There have been some topics that have caused continued confusion on the site. One is the misconception that some people have had that Ovarit is a women-only website (that users are all women, or that men are told not to register or somehow are barred, or that men are site-banned for admitting they are men). This is not the case. It's not that we didn't consider trying it, it's that we considered it and decided not to do that.

This disappoints some, but we did make sure this was stated in our documentation before we launched.

We require that moderators are women. The Ovarit admins are radical feminist women. Communities must be women-centered, but we do not currently believe that we have to somehow ban every male from the site to achieve that. We do not believe it is possible on a site like this to do that. All posts and comments are public to anyone on the internet, and although we currently have invite codes, they are not permanent and eventually anyone will be able to register an account. This is, ultimately, a public internet forum. This is not a "safe space," though it will always be women-run and women-centered.

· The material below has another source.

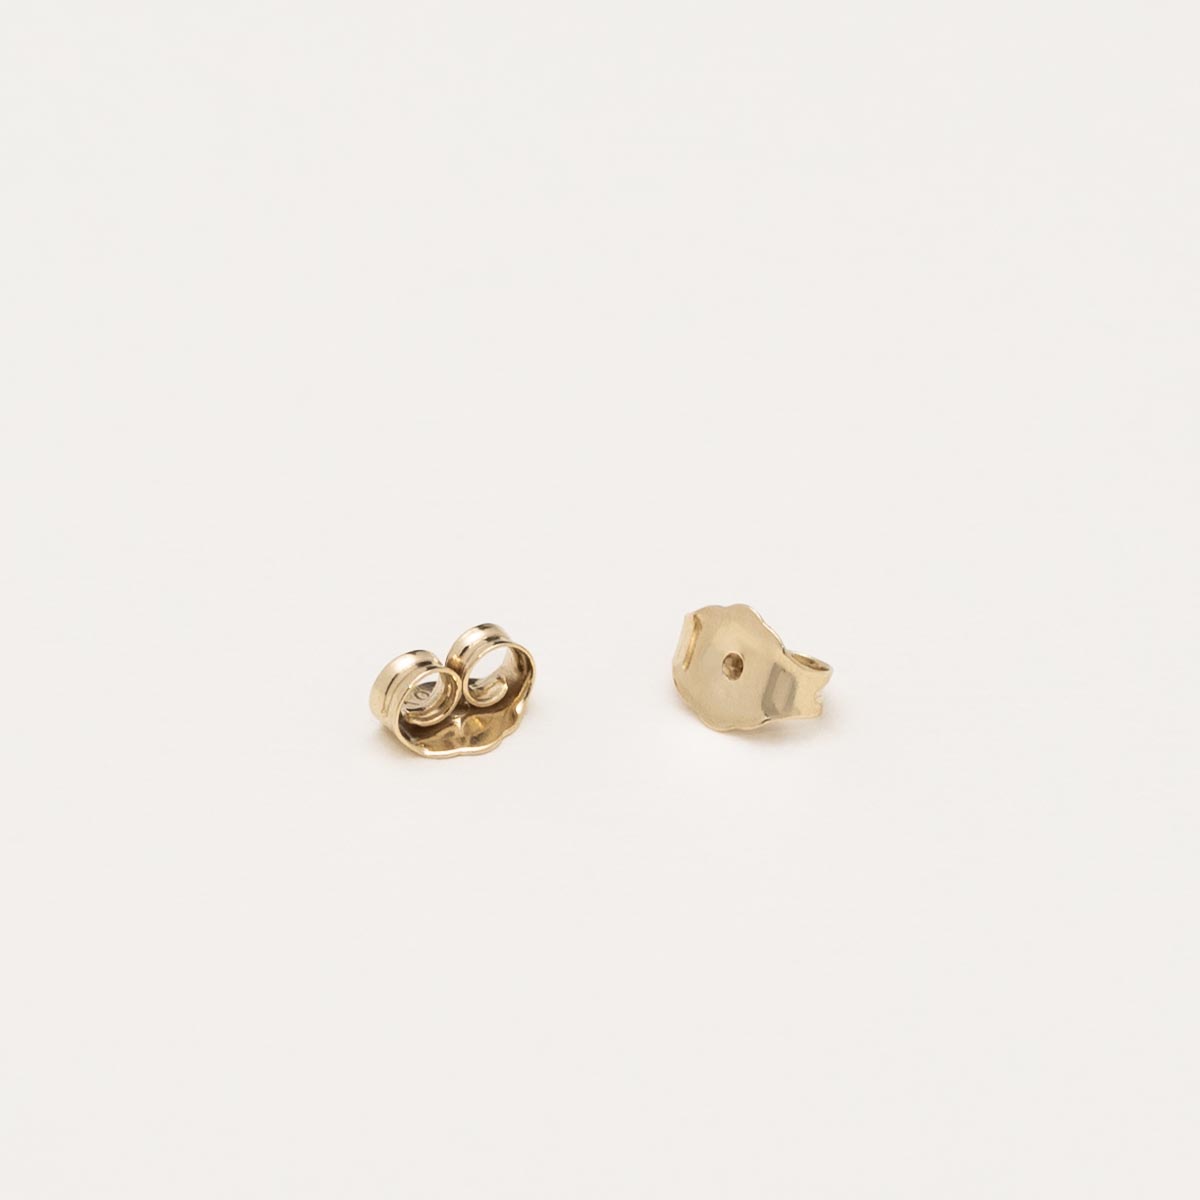 Diamond Petite Fashion Earrings in 10kt Yellow Gold (1/10ct tw)
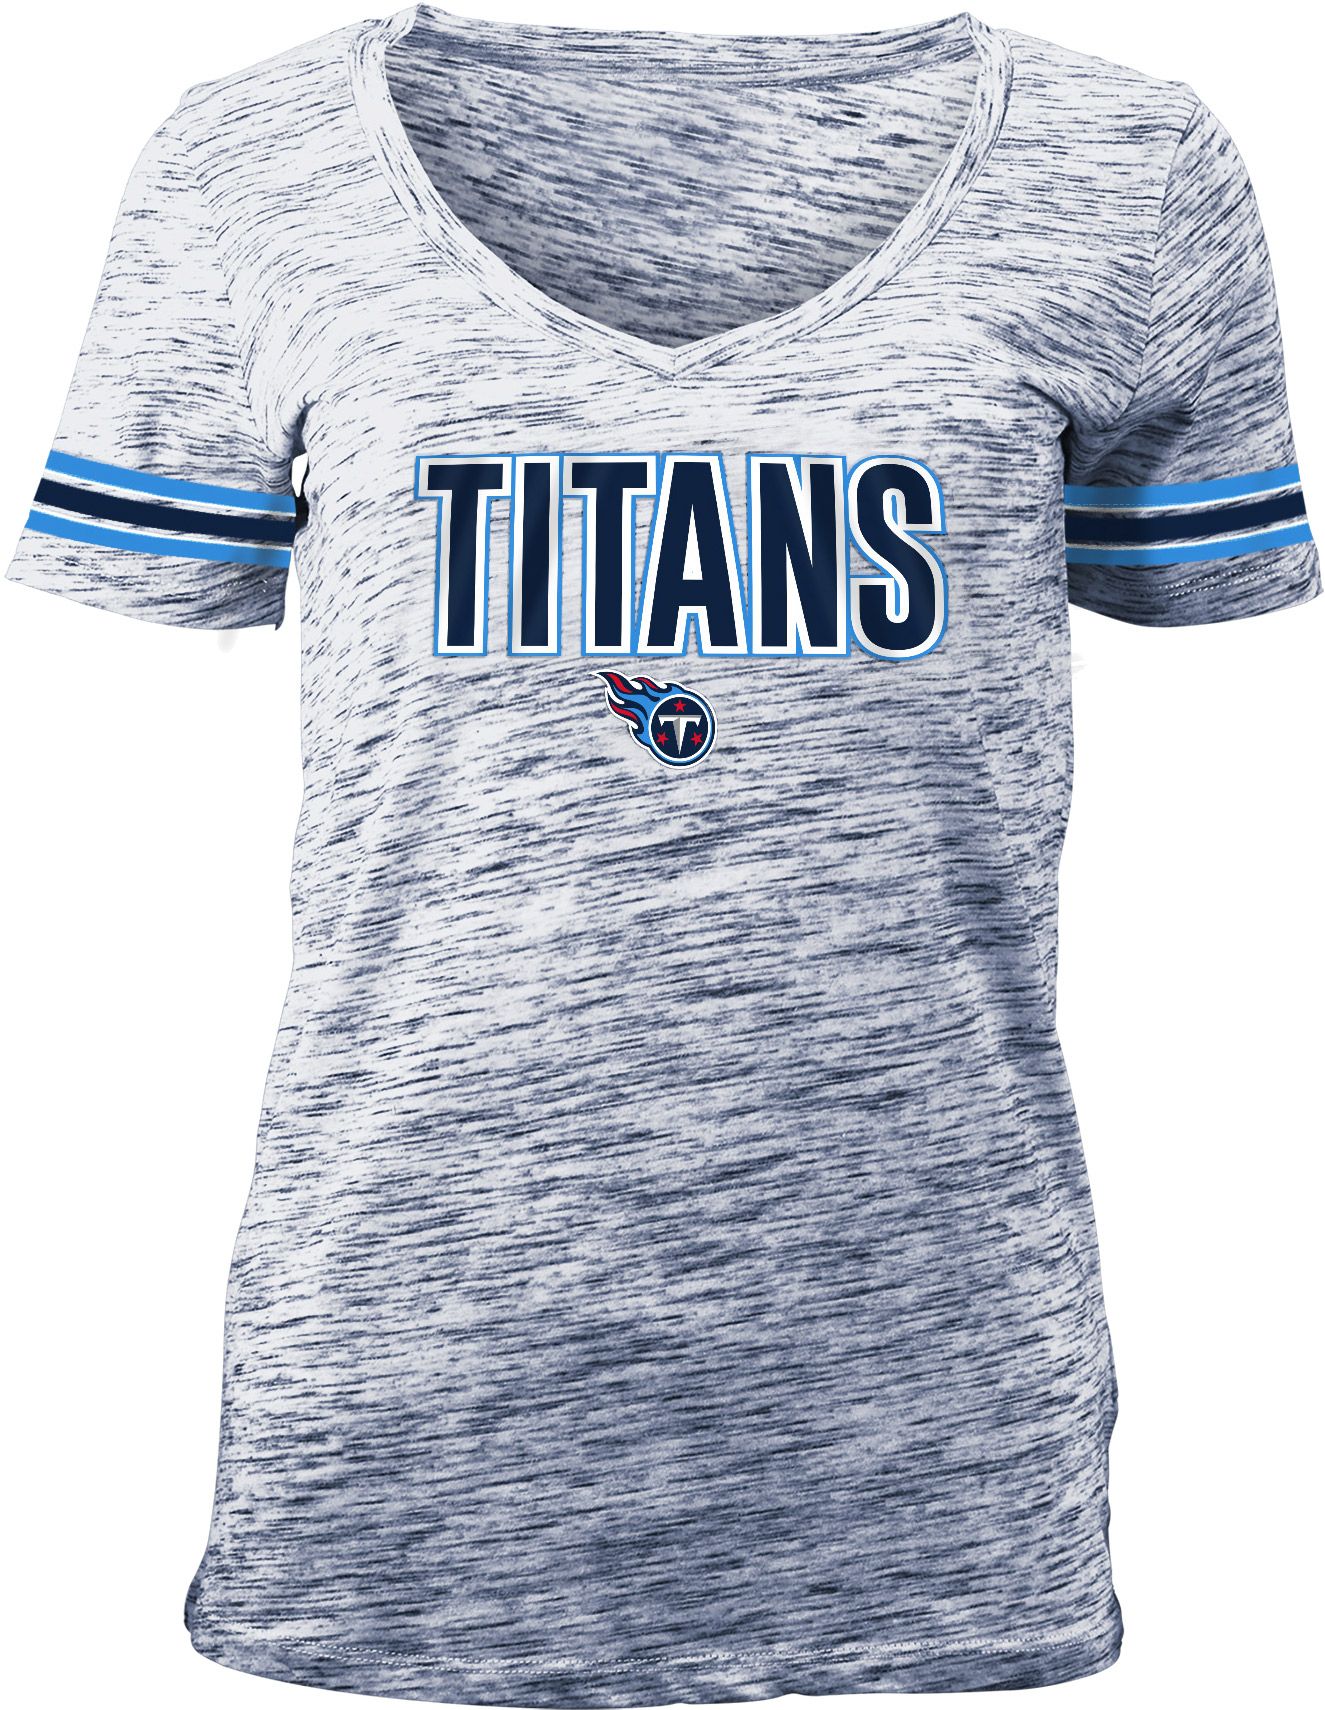 titans women's jersey

We do not have policies on banning people for their characteristics - or supposed characteristics. We cannot actually know user's characteristics, only what they claim their characteristics are. Policies have to be based on something observable, like a user's actions on the site. Banning men for admitting they are men, is in function, making a rule that men cannot tell the truth about being men. Men who lie remain. We have a lot of experience banning men for failing to avoid breaking the most basic of rules. We believe banning men for rule-breaking behavior is sufficient, and wastes less of our time.

We have no intention on creating shadow policies that are not published. We're not Reddit.

Ovarit is a platform for different communities. We are trying to keep our scope broad enough that we can platform a variety of communities that appeal to women with a broad range of ideas. This means giving moderators as much control over the circles they moderate as possible while still maintaining our Mission.

We are not trying to create a hive of group think. The only way to avoid a group think spiral is to permit a range of ideas and disagreement. This means we have to be careful about the things we say "no" to with each additional constraint we give to moderators.

If you think a user is breaking the rules, or if you think a circle isn't in line with the site Mission or rules, you can message the relevant moderators, or if necessary, you can send a private message to one of the admins. (A feature to message all mods of a circle or all the admins will be added eventually, but admins already discuss all relevant messages as a group).

Starting threads calling out specific users or specific circles is not in line with our culture. We do not wish to have a culture where public call out posts bully or shame users or pressure moderators into complying with a narrow view they did not sign up for.

Civility is a rule in the meta circles. Policies are up for discussion - do not make it personal, though.

Edit: For clarification, each circle can add rules on top of the site-wide rules. Circles can make rules prohibiting men from posting.